I'm trying to submit a java spark program with the package crealytics.spark-excel
.
The java file looks like this:
package org.example;
import org.apache.spark.sql.Dataset;
import org.apache.spark.sql.Row;
import org.apache.spark.sql.SparkSession;
import com.crealytics.spark.excel.*;
public class Main {
public static void main(String[] args) {
SparkSession spark = SparkSession.builder()
.appName("Spark_Excel")
.master("local")
.getOrCreate();
String filePath = "/home/arman/Desktop/resources/example_XLSX_5000.xlsx";
Dataset<Row> dataset = spark.read().format("com.crealytics.spark.excel")
.option("header", "true")
.load(filePath);
dataset.show();
dataset.write()
.format("excel") // Or .format("excel") for V2 implementation
.option("header", "true")
.partitionBy("Country")
.save("/home/arman/Desktop/output/partitioned");
spark.stop();
}
}
The pom.xml looks like this:
<?xml version="1.0" encoding="UTF-8"?>
<project xmlns="http://maven.apache.org/POM/4.0.0"
xmlns:xsi="http://www.w3.org/2001/XMLSchema-instance"

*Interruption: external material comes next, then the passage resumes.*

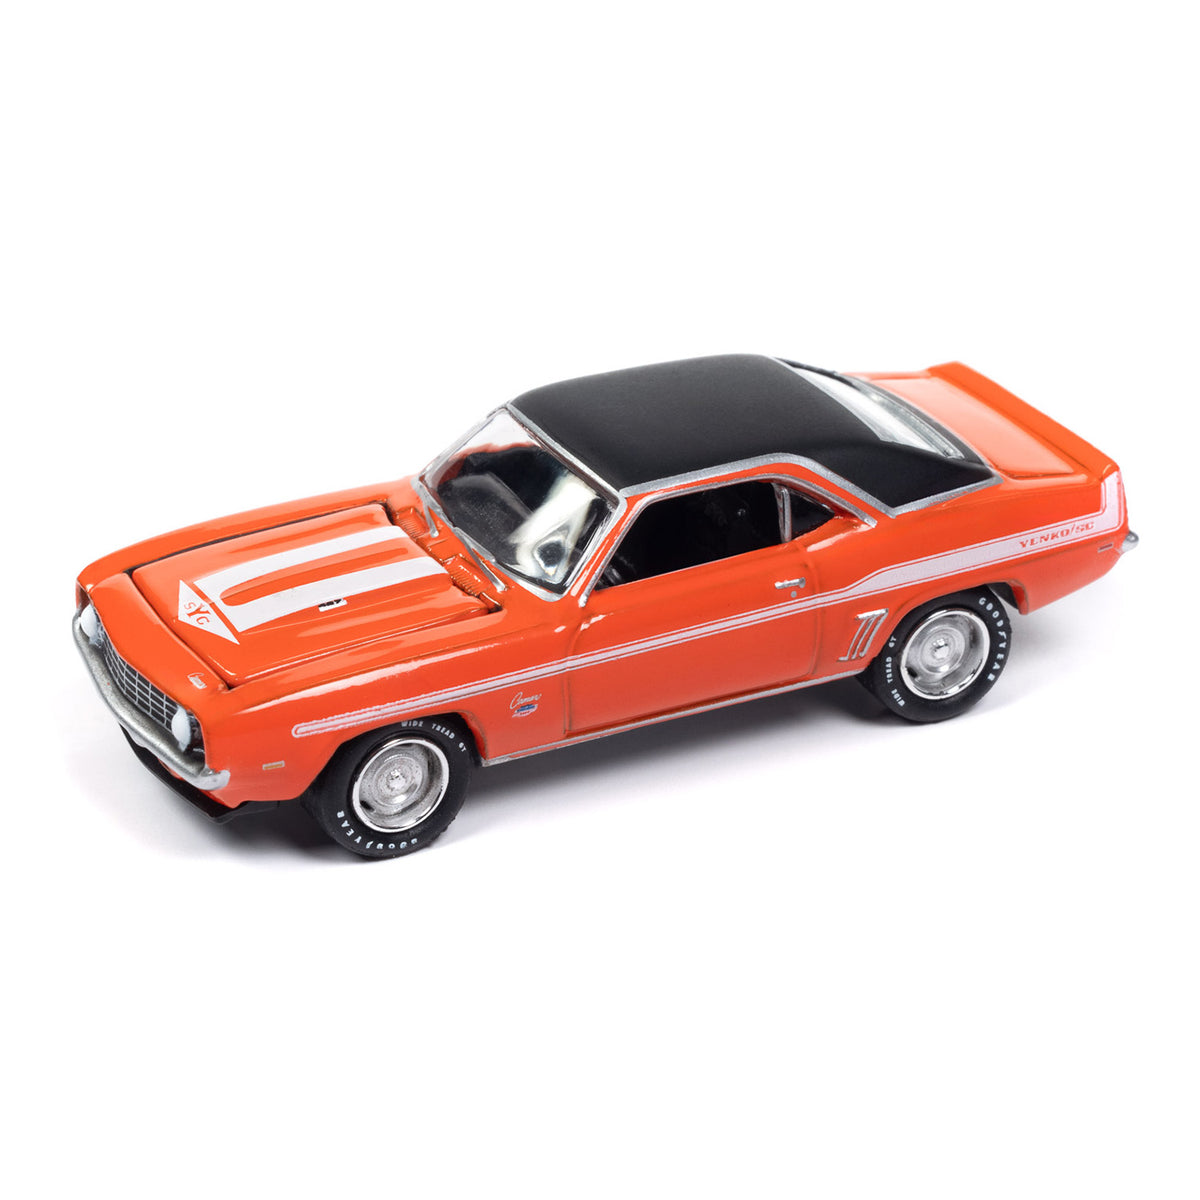 1969 Chevy Yenko Camaro 1:64 Diecast in Orange and Black - Angled Left Side View
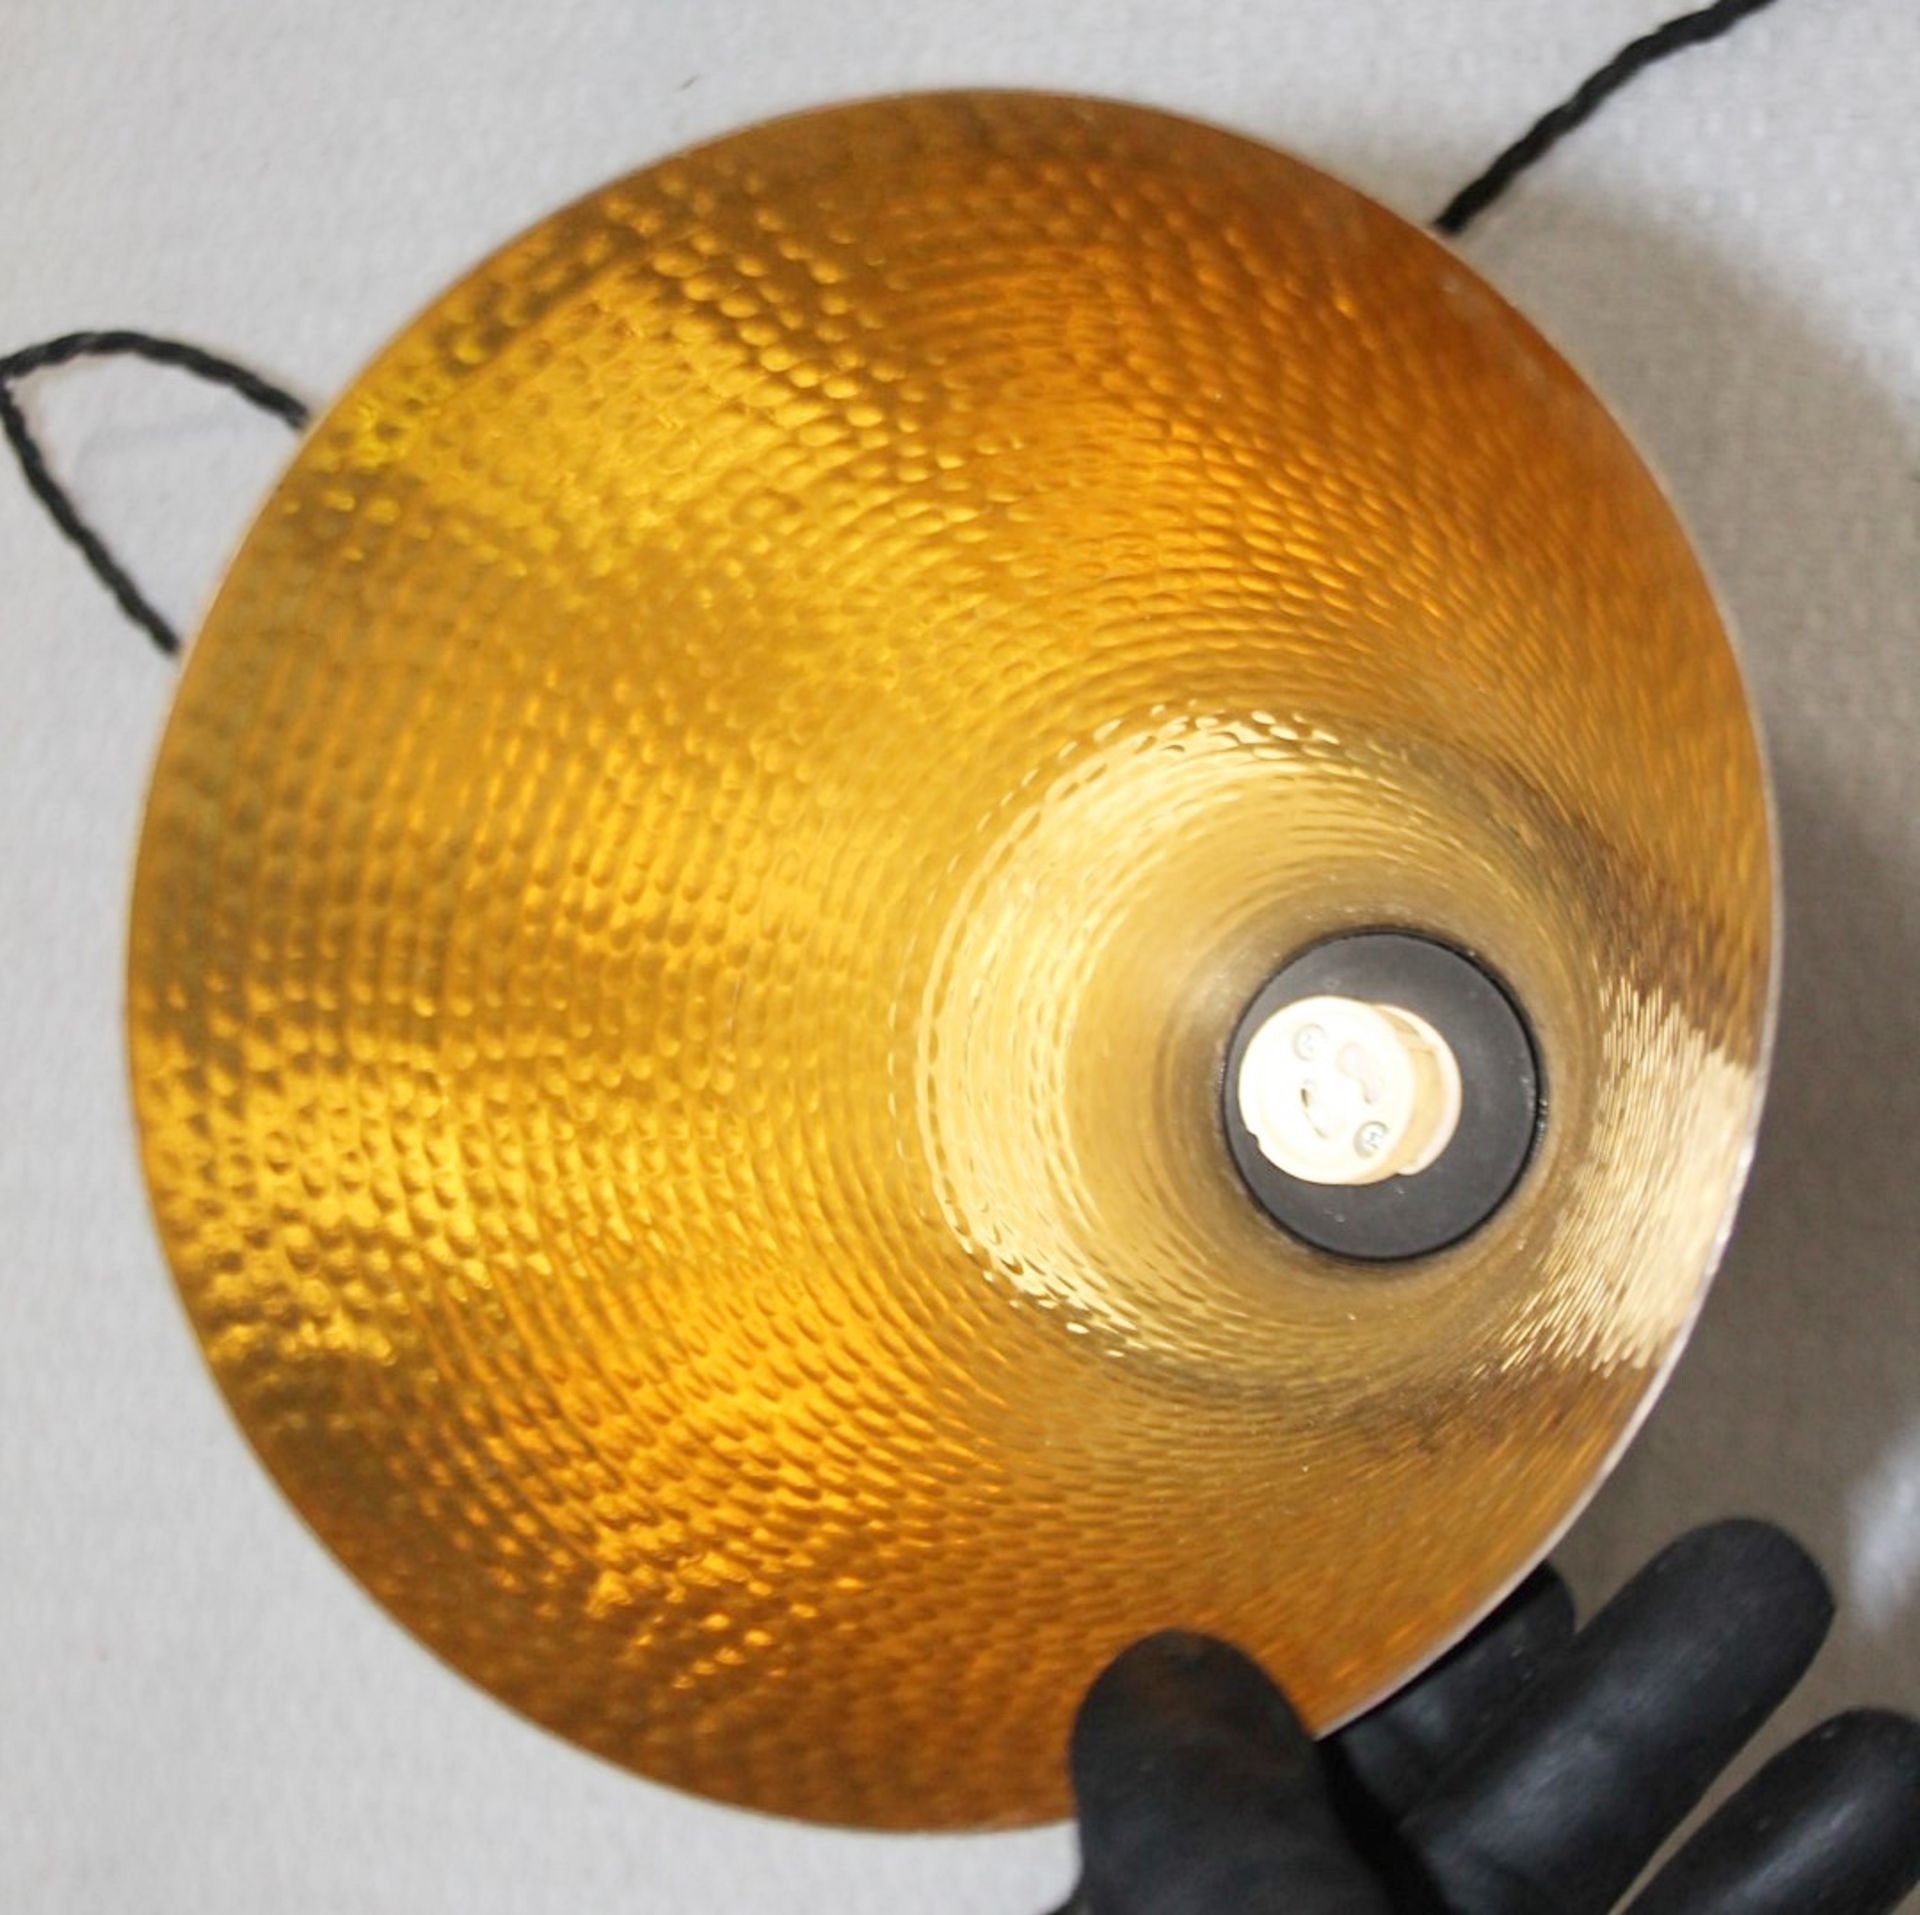 A Pair Of TOM DIXON Pendant Lamps - Total Original RRP £878.00 - Ref: GEN570+571 WH2 - CL802 UX - - Image 3 of 5

xsi:schemaLocation="http://maven.apache.org/POM/4.0.0 http://maven.apache.org/xsd/maven-4.0.0.xsd">
<modelVersion>4.0.0</modelVersion>
<groupId>org.example</groupId>
<artifactId>spark-excel</artifactId>
<version>1.0-SNAPSHOT</version>
<properties>
<maven.compiler.source>8</maven.compiler.source>
<maven.compiler.target>8</maven.compiler.target>
<project.build.sourceEncoding>UTF-8</project.build.sourceEncoding>
</properties>
<name>spark-excel</name>
<url>http://maven.apache.org</url>
<dependencies>
<!-- Apache Spark Core -->
<dependency>
<groupId>org.apache.spark</groupId>
<artifactId>spark-core_2.12</artifactId>
<version>3.4.1</version>
</dependency>
<!-- Apache Spark SQL -->
<dependency>
<groupId>org.apache.spark</groupId>
<artifactId>spark-sql_2.12</artifactId>
<version>3.4.1</version>
</dependency>
<!-- Spark Excel Library -->
<dependency>
<groupId>com.crealytics</groupId>
<artifactId>spark-excel_2.12</artifactId>
<version>3.4.1_0.19.0</version>
</dependency>
</dependencies>
<build>
<plugins>
<plugin>
<!-- Build an executable JAR -->
<groupId>org.apache.maven.plugins</groupId>
<artifactId>maven-jar-plugin</artifactId>
<version>3.1.0</version>
<configuration>
<archive>
<manifest>
<addClasspath>true</addClasspath>
<classpathPrefix>lib/</classpathPrefix>
<mainClass>org.example.Main</mainClass>
</manifest>
</archive>
</configuration>
</plugin>
</plugins>
</build>
</project>
It's working correctly, if I run the java class from intellij idea
but using spark-submit --class org.example.Main spark-excel-1.0-SNAPSHOT.jar
I become the following error:
Exception in thread "main" org.apache.spark.SparkClassNotFoundException: [DATA_SOURCE_NOT_FOUND] Failed to find the data source: com.crealytics.spark.excel. Please find packages at `https://spark.apache.org/third-party-projects.html`.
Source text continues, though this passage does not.